American journalist (born 1948)

James Ewan Kalven (born 1948) is an American journalist, author, human rights activist, and community organizer based in Chicago, Illinois. He is the founder of the Invisible Institute, a non-profit journalism organization based in Chicago's South Side. His work in the city has included reporting on police misconduct and poor conditions of public housing. Kalven has been referred to as a "guerrilla journalist" by Chicago journalist Studs Terkel.

He is the son of Harry Kalven, a law professor who left behind an unfinished manuscript on freedom of speech upon his death in 1974. Jamie finished the manuscript over the following 14 years. Following a sexual assault on his wife, Patricia Evans, Kalven wrote a memoir as a resource to support victims of rape. He also reported on living conditions at the Stateway Gardens housing development in the Bronzeville neighborhood of Chicago. Along with Evans and an associate, Kalven founded the Invisible Institute as an informal journalism and community organizing team at Stateway. His reporting on abuse by Chicago police at Stateway eventually led to litigation seeking the release of police misconduct records, which Kalven won in 2014. The case – Kalven v.
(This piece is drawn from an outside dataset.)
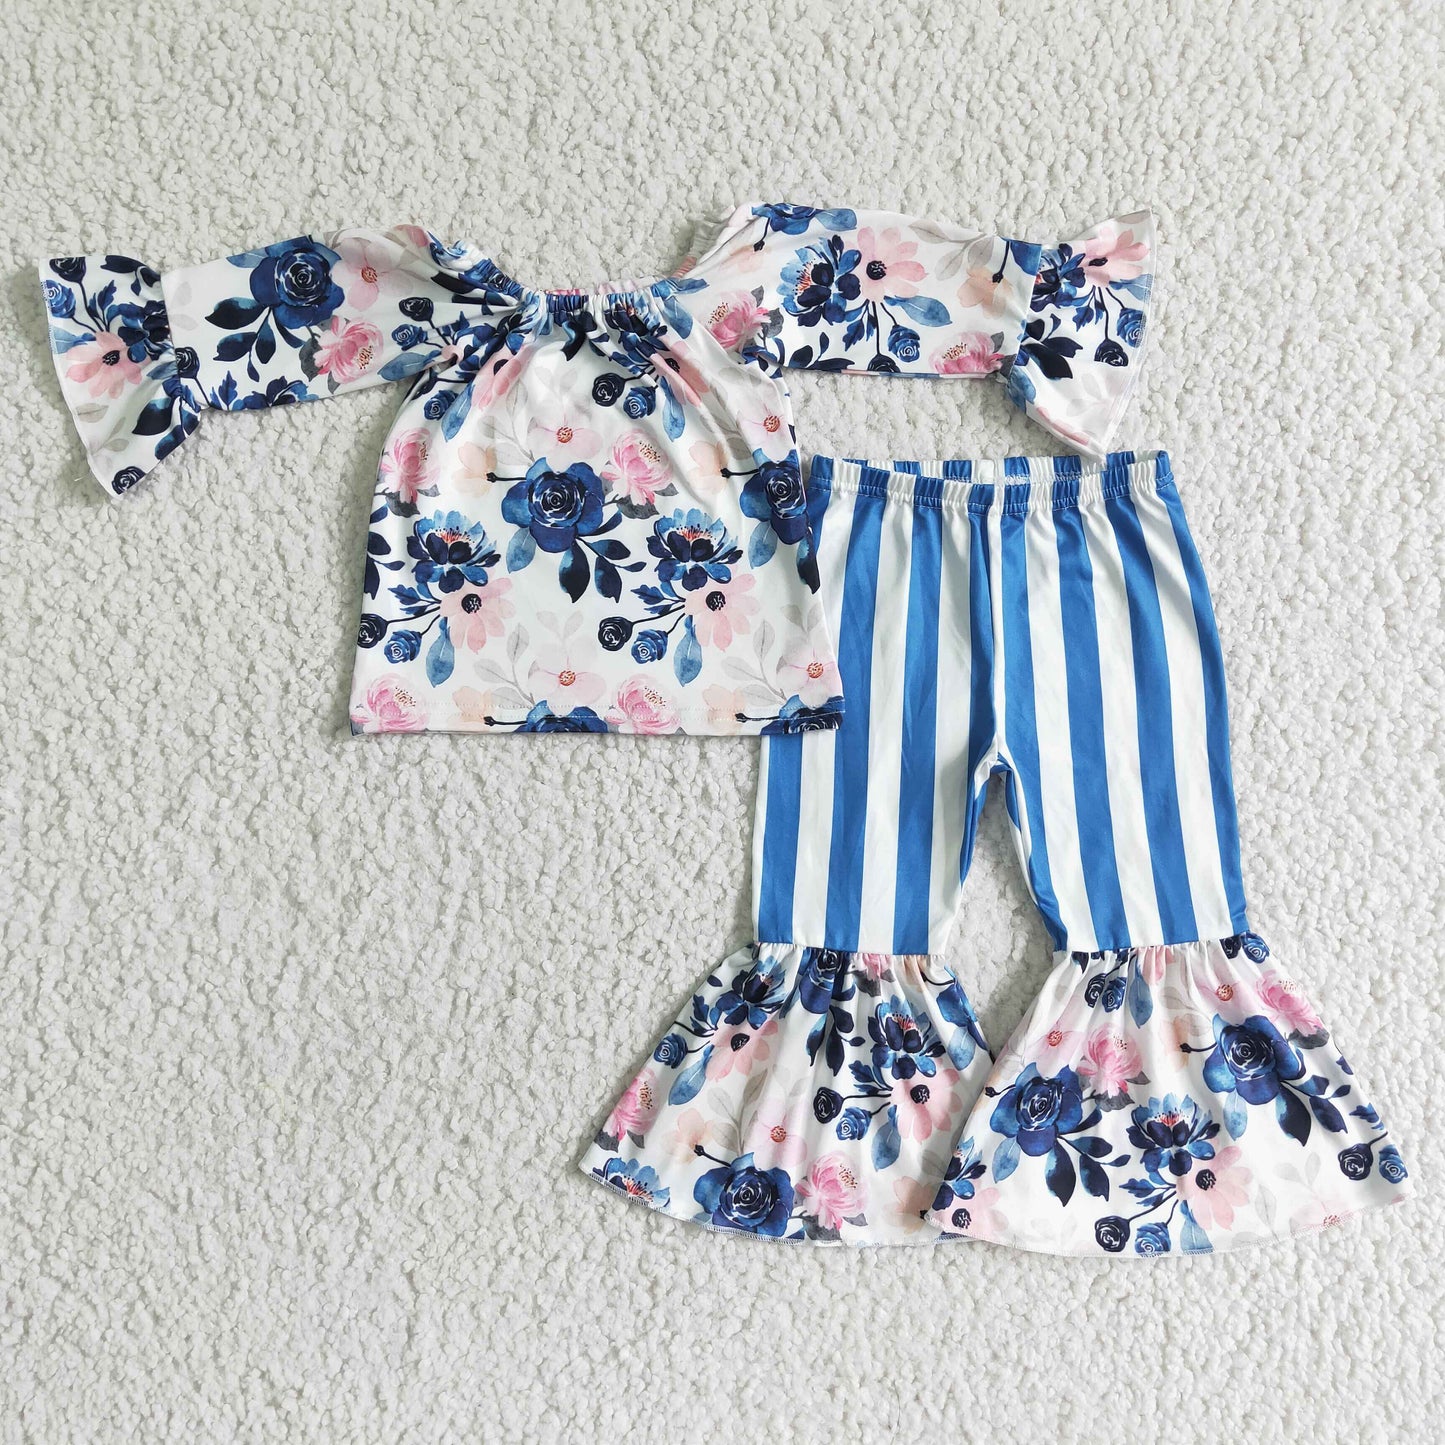 Blue floral top stripe pants girls clothing set

City of Chicago – resulted in a landmark decision, holding that police misconduct records are public information under the Illinois Freedom of Information Act.

Having obtained the police records, the Invisible Institute incorporated as a nonprofit organization soon thereafter. The Institute created the Citizens Police Data Project and became a hub for information related to police misconduct, wrongful convictions, and reports from police whistleblowers. Kalven reported on the murder of Laquan McDonald by a police officer in 2014. He obtained a copy of an autopsy report showing that McDonald had been shot 16 times execution-style, contradicting official reports of a single gunshot wound. Kalven won the Ridenhour Courage Prize for this reporting. He later co-produced 16 Shots, a documentary about McDonald's murder. The Institute won the Pulitzer Prize for National Reporting in 2021, and Kalven stepped down as director in the same year.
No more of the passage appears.